Es war einmal, ein Stau auf der Autobahn…. so könnte diese Geschichte beginnen……
Spätherbst, der Tag war grau, der Himmel wolkenbehangen mit gelegentlichem Nieselregen. Nach einem Kurzurlaub in Süddeutschland, befand ich mich auf die Heimreise. Die Fahrt verlief erst einmal reibungslos ohne nennenswerte Vorfälle. Der Radiosender informierte in regelmäßigen Abständen über die aktuelle Verkehrssituation.
Auf der A3, kurz vor 17.ooh, erreichte mich die Nachricht, ein langer Stau von 16km hat sich vor Köln gebildet. Die
Fahrbahn war bis auf einen Fahrstreifen, wegen der noch andauernden Bergungsarbeiten, verengt. Ortskundige Autofahrer werden gebeten, das Gebiet weiträumig zu umfahren.
Weiträumig umfahren, das vor Köln, wie sollte das möglich sein? Ging vom Gaspedal, wenn ich mich nicht täuschte, gleich müsste hier doch eine Raststätte kommen. Tatsächlich, da ist es. Die Raststätte war gut besucht. An der Theke bildete sich eine lange Schlange. Da ich nur Kaffee wollte, entfiel das lange Anstellen. Am Automaten wählte ich und suchte, mit dem heißen Kaffeebecher in der Hand, verzweifelt
einen Sitzplatz.
Da, am Fenster, eine Frau winkte mir zu, so als wenn sie auf mich gewartet hätte. Ein Platz, ihr gegenüber, war noch frei. Ich ging zu dem Tisch. Es saßen noch vier weitere Personen dort. Mit den Worten: „diesen Platz habe ich extra für sie freigehalten,“ wies mir die fremde Frau den Stuhl am Fenster zu. Sie hat nicht nur Humor, sondern verfügt über ein Gespür für das, was andere möchten oder suchten. Ich musste lachen, setzte mich und dankte ihr. Schnell kamen wir ins Gespräch. Erst erzählten wir allgemeines von der Fahrt, von wo aus wir gestartet waren und wohin es noch
gehen soll.
Wie es dann dazu kam, dass sie mir Geschichten aus ihrem Leben, von ihren Beobachtungen und Erlebnissen erzählt hat, ich weiß es nicht. Es war spannend, wir lachten herzhaft oder ihre Worte stimmten traurig. Unbemerkt verging die Zeit. Draußen war es schon dunkel geworden, ich schaute auf meine Uhr, 22.o7 h: „solange sitzen wir hier, eigentlich wollte ich längst unterwegs sein. Der Stau vor Köln, der wird sich aufgelöst haben.“ „Ja, so wird es wohl sein,“ sagte die Frau, sie öffnete ihre Handtasche, holte ein Heft heraus, legte es vor mir auf den Tisch mit den Worten:
„Brigitte hier findest du noch mehr Geschichten. Erzähle sie, berichte davon wann und wie immer du willst.“ Sie stand auf, drehte sich um und ging.
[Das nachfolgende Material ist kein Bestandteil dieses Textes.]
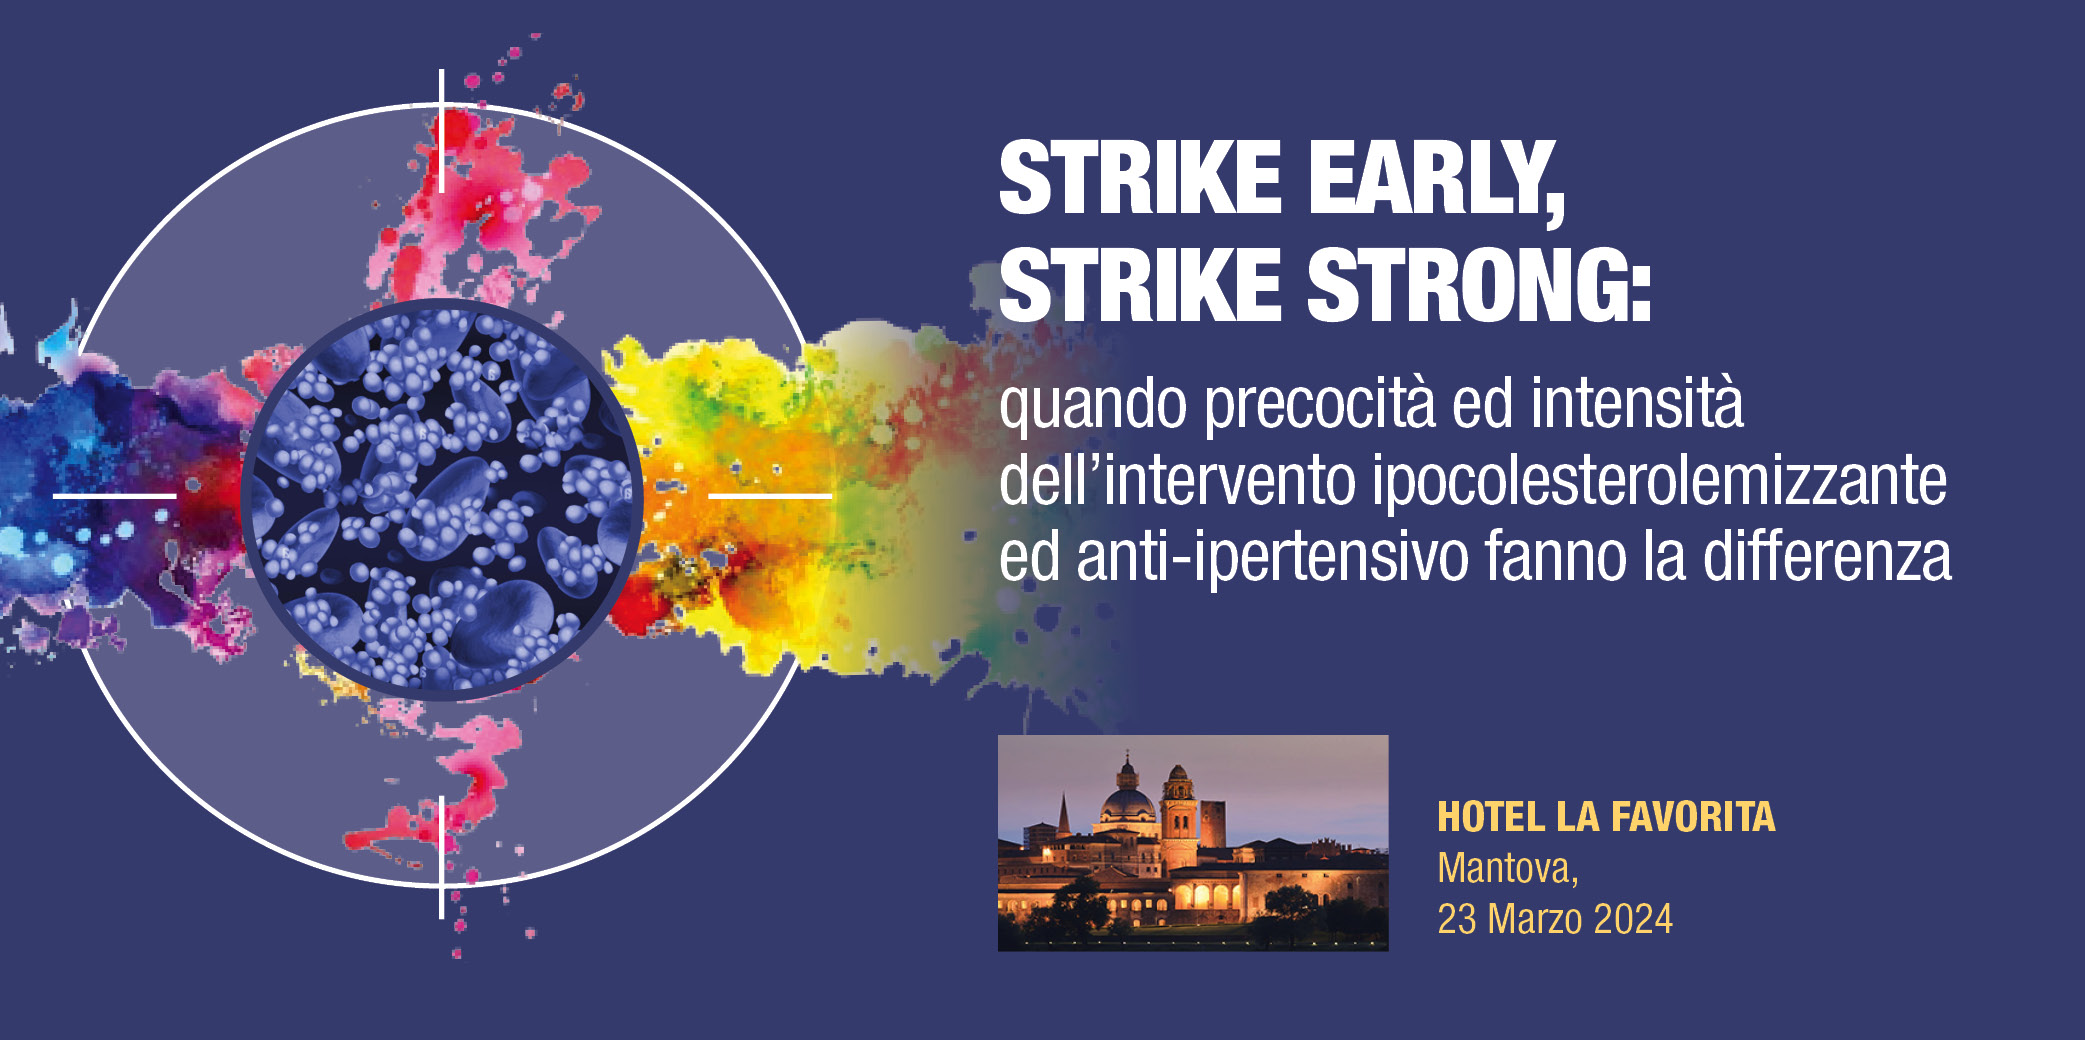 “STRIKE EARLY, STRIKE STRONG: Quando precocità ed intensità dell’Intervento ipocolesterolemizzante fanno la differenza” Mantova, 23 Marzo 2024

Verdattert schaute ich auf das Heft. Woher wusste die Frau meinen Namen? Schaute wieder auf, sah sie von hinten, nur noch einen kurzen Augenblick, mit ihren lilafarbenen Schal um den Hals und schon war sie um die Ecke verschwunden.
Das Heft mit den engen Linien, war mit vielen, feinen Buchstaben säuberlich beschrieben. Klappte das Heft zu, das verschwand jetzt in meiner Handtasche. Kümmerte mich nicht mehr darum, setzte
meine Heimreise fort.
Fühlte mich frisch, wie ausgeruht, die Autobahn fast leer, die restliche Fahrt verlief sehr angenehm, entspannend und meine Gedanken waren aber bei diesem Raststätten Aufenthalt, bei dieser seltsamen Begegnung.
Wer war diese Frau? Was könnte ich über sie sagen? Wie würde ich sie beschreiben? Auch das weiß ich nicht mehr.
Es waren nur ihre Augen, in denen ich die ganze Zeit geschaut habe. Ja, und an ihren lilafarbenen Schal, daran kann ich mich noch erinnern, aber an mehr….?
Bin neugierig geworden, werde in ihrem Heft lesen und bestimmt noch einiges erfahren und euch davon berichten.